Este choque foi o cataclismo produzido pela
política tarifária de Trump e
sua interferência no julgamento de Bolsonaro. O resultado, como se sabe, foi o
fortalecimento do Executivo em virtude do efeito de união nacional em torno da
soberania que engendrou. Lula, que estava nas cordas e enfrentando derrotas
sucessivas no Congresso e, portanto, tornando-se um pato manco, reverteu seu
declínio de popularidade. O jogo endureceu. O placar da votação deixou isso
claro.
A reação do Congresso frente à MP da alta de
impostos reedita o comportamento que levou à derrubada do IOF em junho. O que
está em jogo aqui são gastos livres de amarras que o Executivo poderá fazer em
ano eleitoral quando lideranças congressuais alinhadas a candidaturas
presidenciais rivais impõem obstáculos ao aumento da receita. Ao mesmo tempo, a
maioria congressual também busca a reeleição, o que transforma o Orçamento em
campo de disputa, num jogo de soma zero. Pela sua composição, o Congresso tem
imposto, ao longo da última década, uma forte restrição fiscal assimétrica aos
governos: veto para aumento de receita livre do Executivo, mas não para a
despesa de interesse da maioria legislativa.

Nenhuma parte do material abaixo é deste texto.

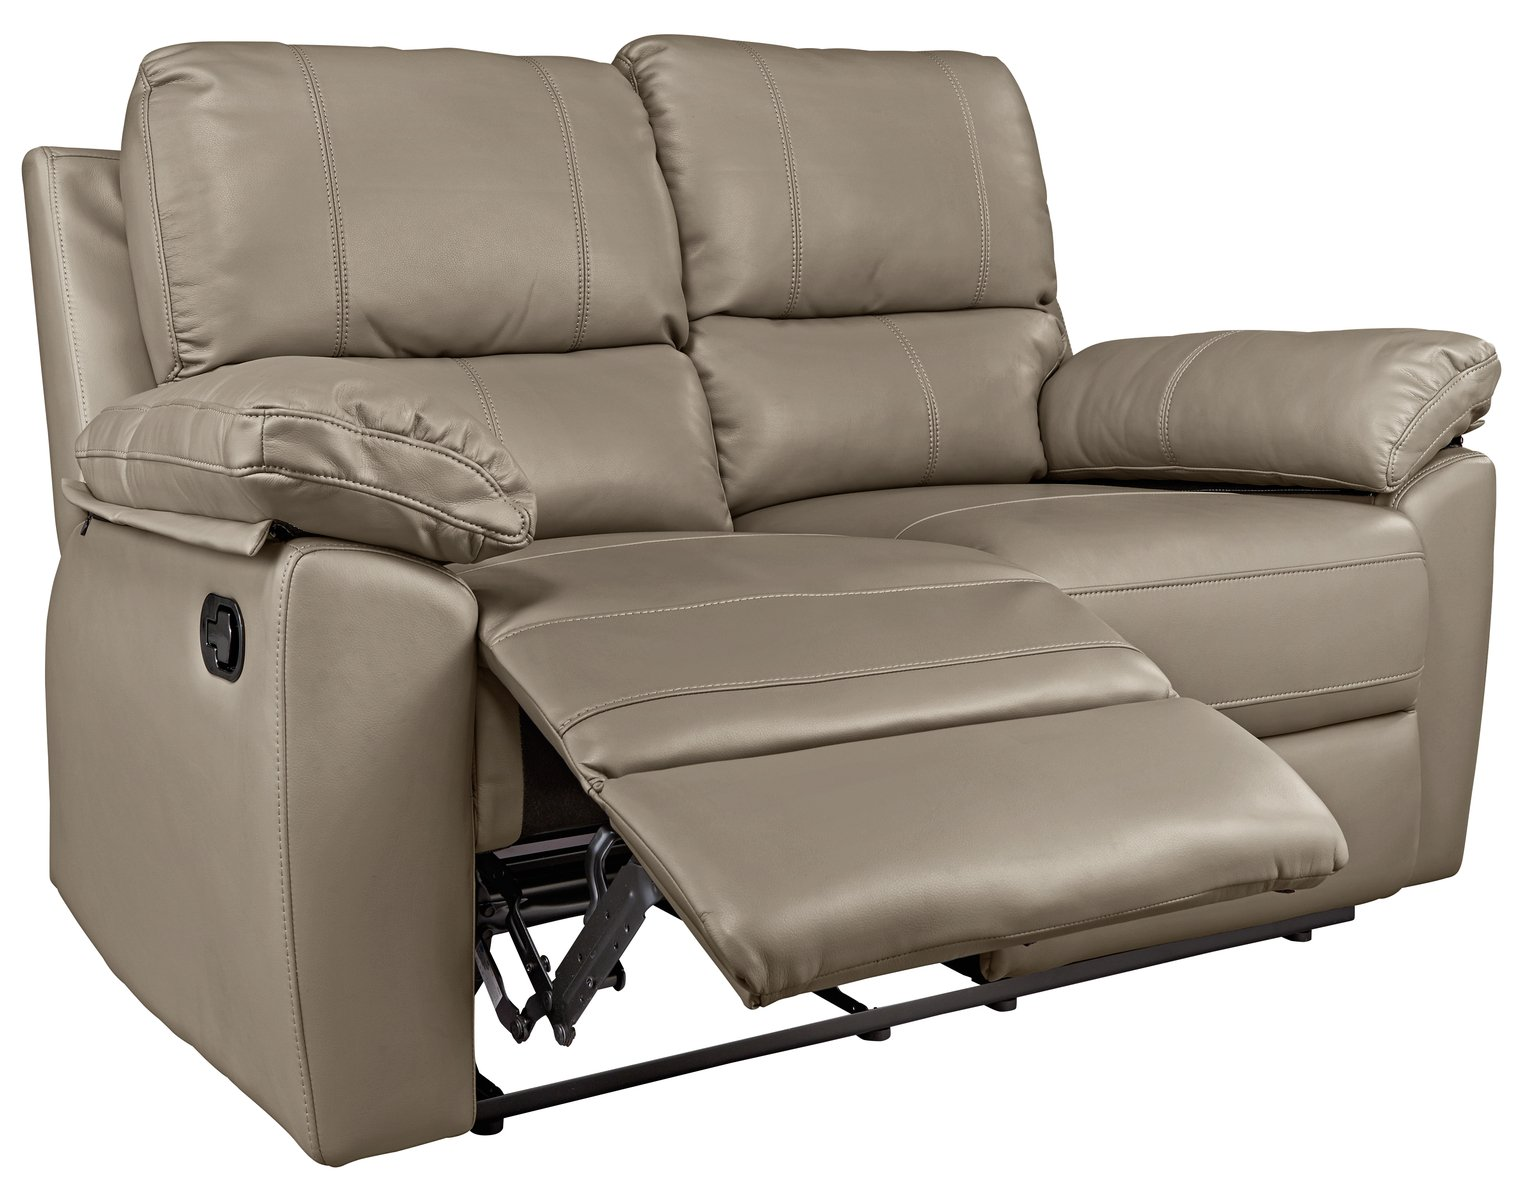 Buy Argos Home Toby 2 Seater Faux Leather Recliner Sofa   Grey   Sofas    Argos
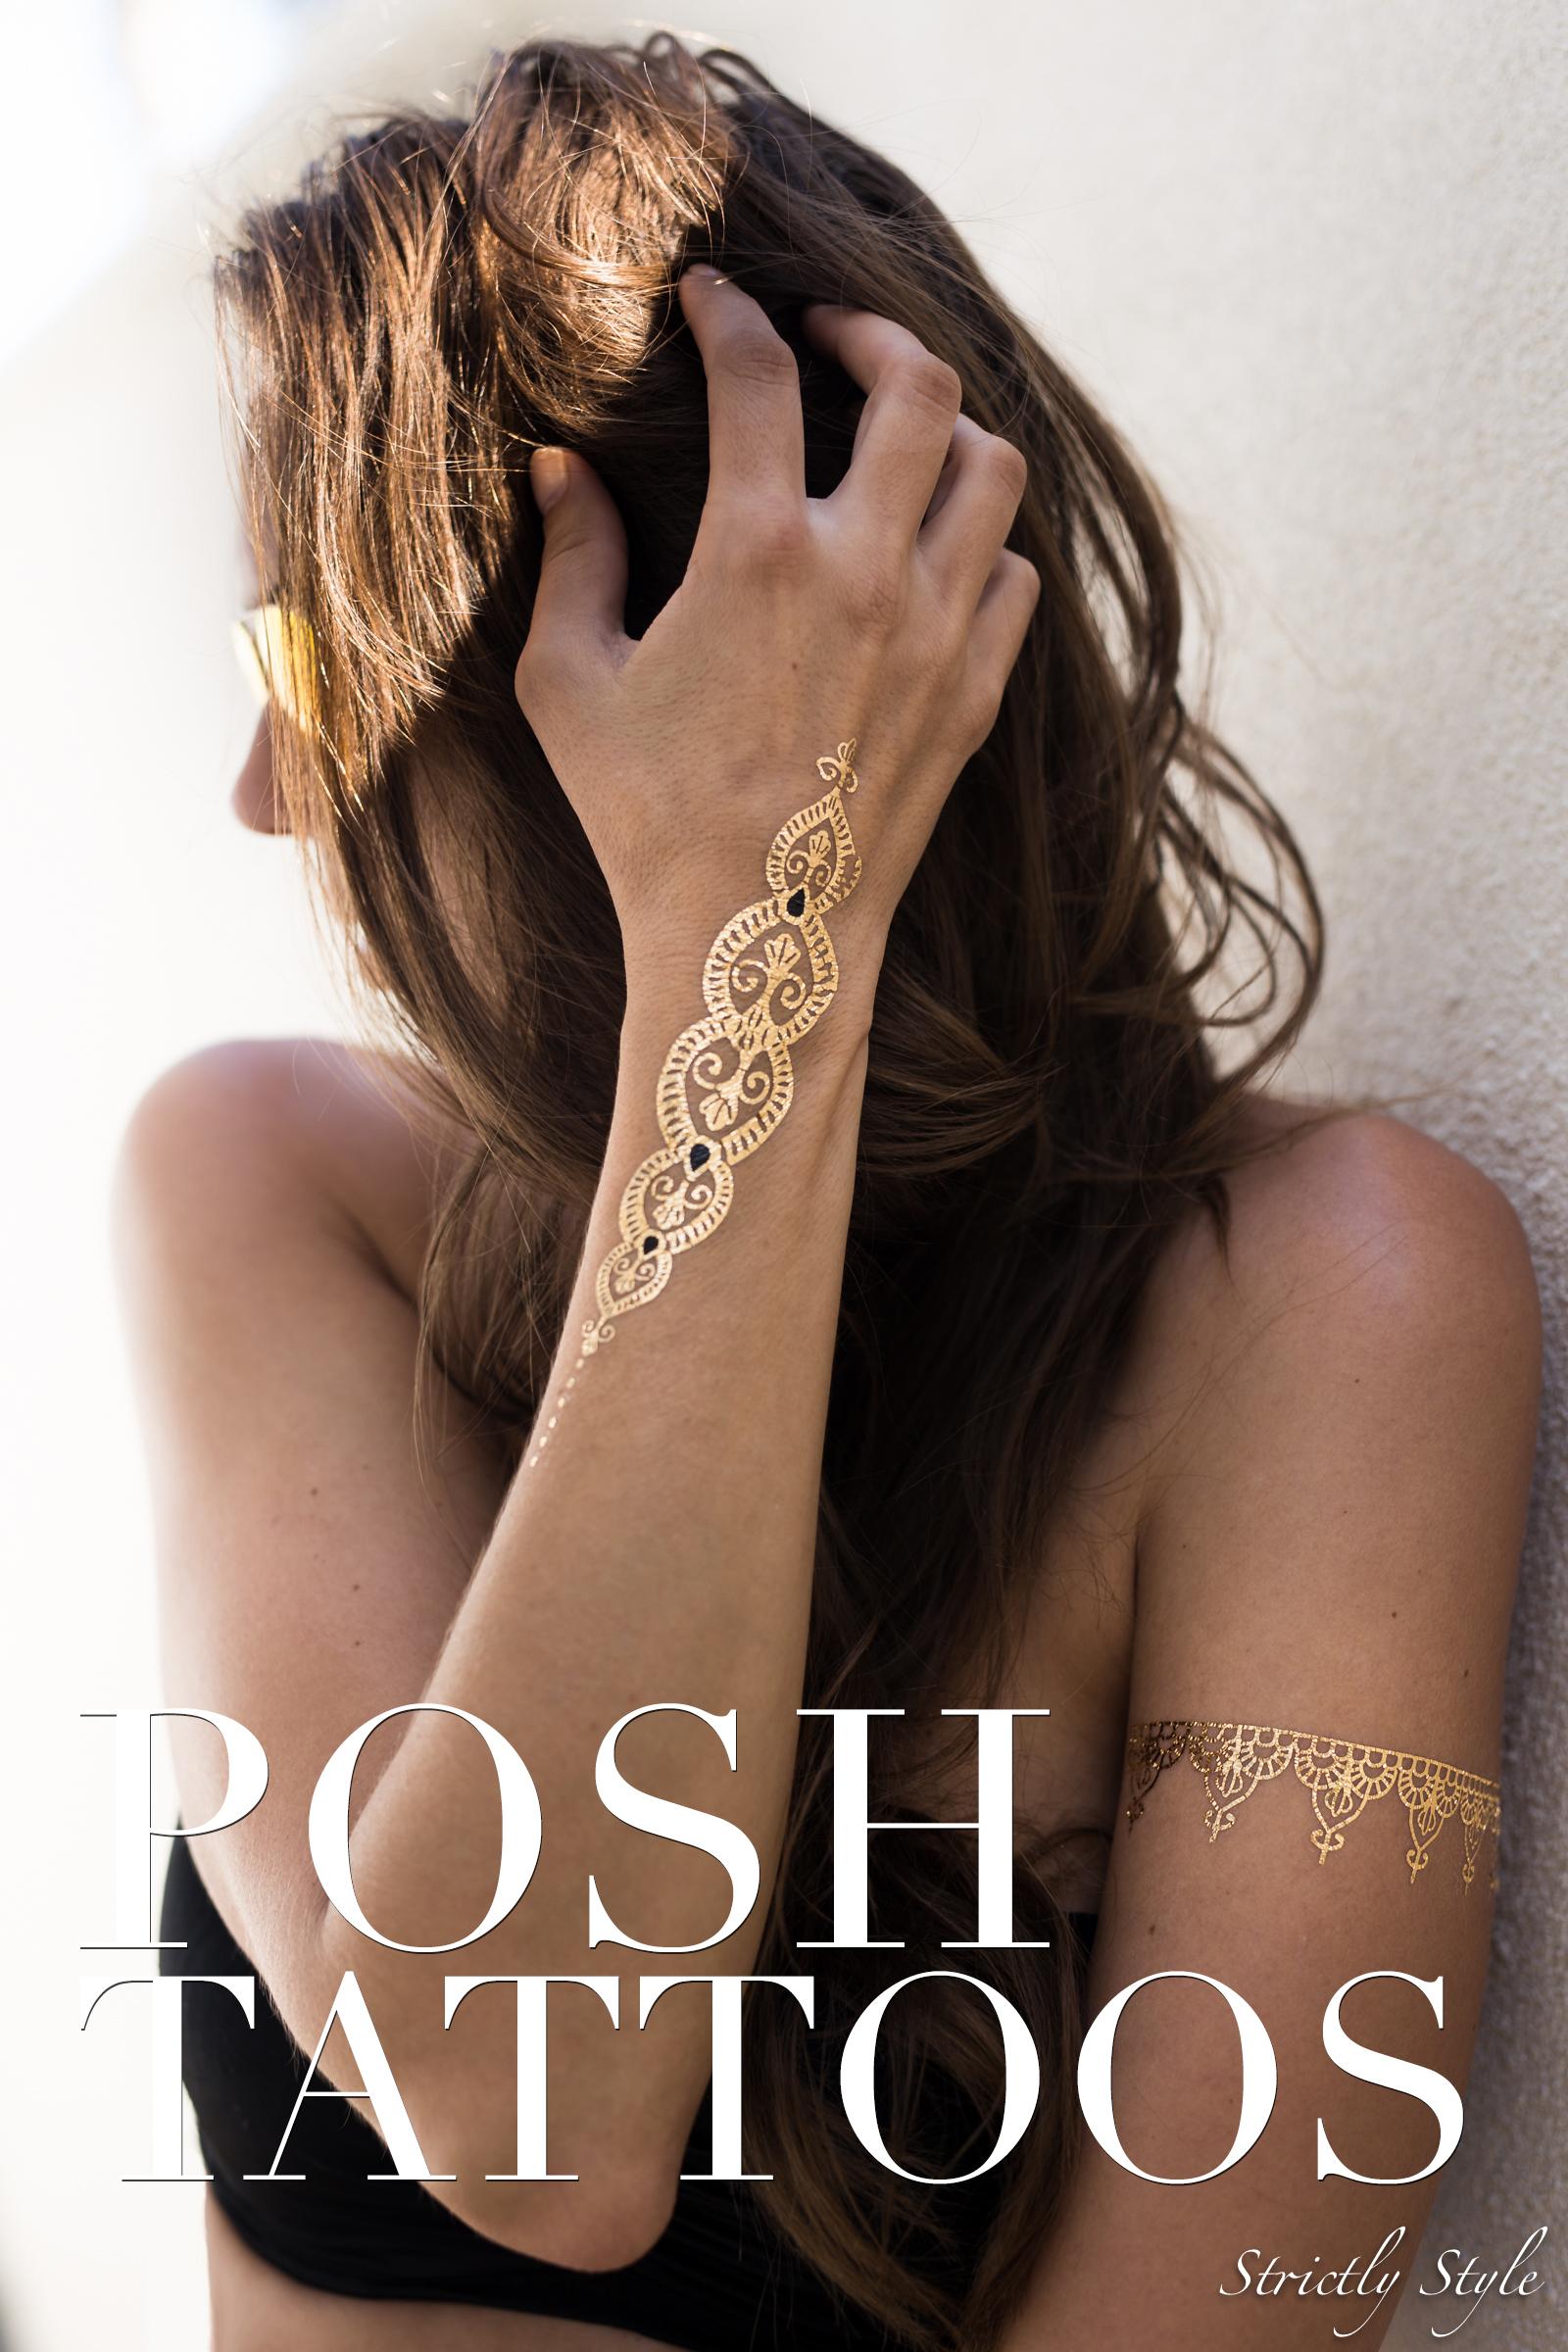 posh tattoos-8859TITLE

Não há qualquer virtude neste jogo. Na
realidade ele se assenta em um desequilíbrio dinâmico insustentável. O
Executivo segue em sua política fiscal expansionista iniciada até antes mesmo
da posse com a PEC da transição e sem alteração da conta de isenções e
benefícios. A expansão dos recursos para estados e municípios e através do
crédito é inédita e cria um quadro paradoxal com Selic a 15%, enquanto o
crédito e o gasto se expandem celeremente.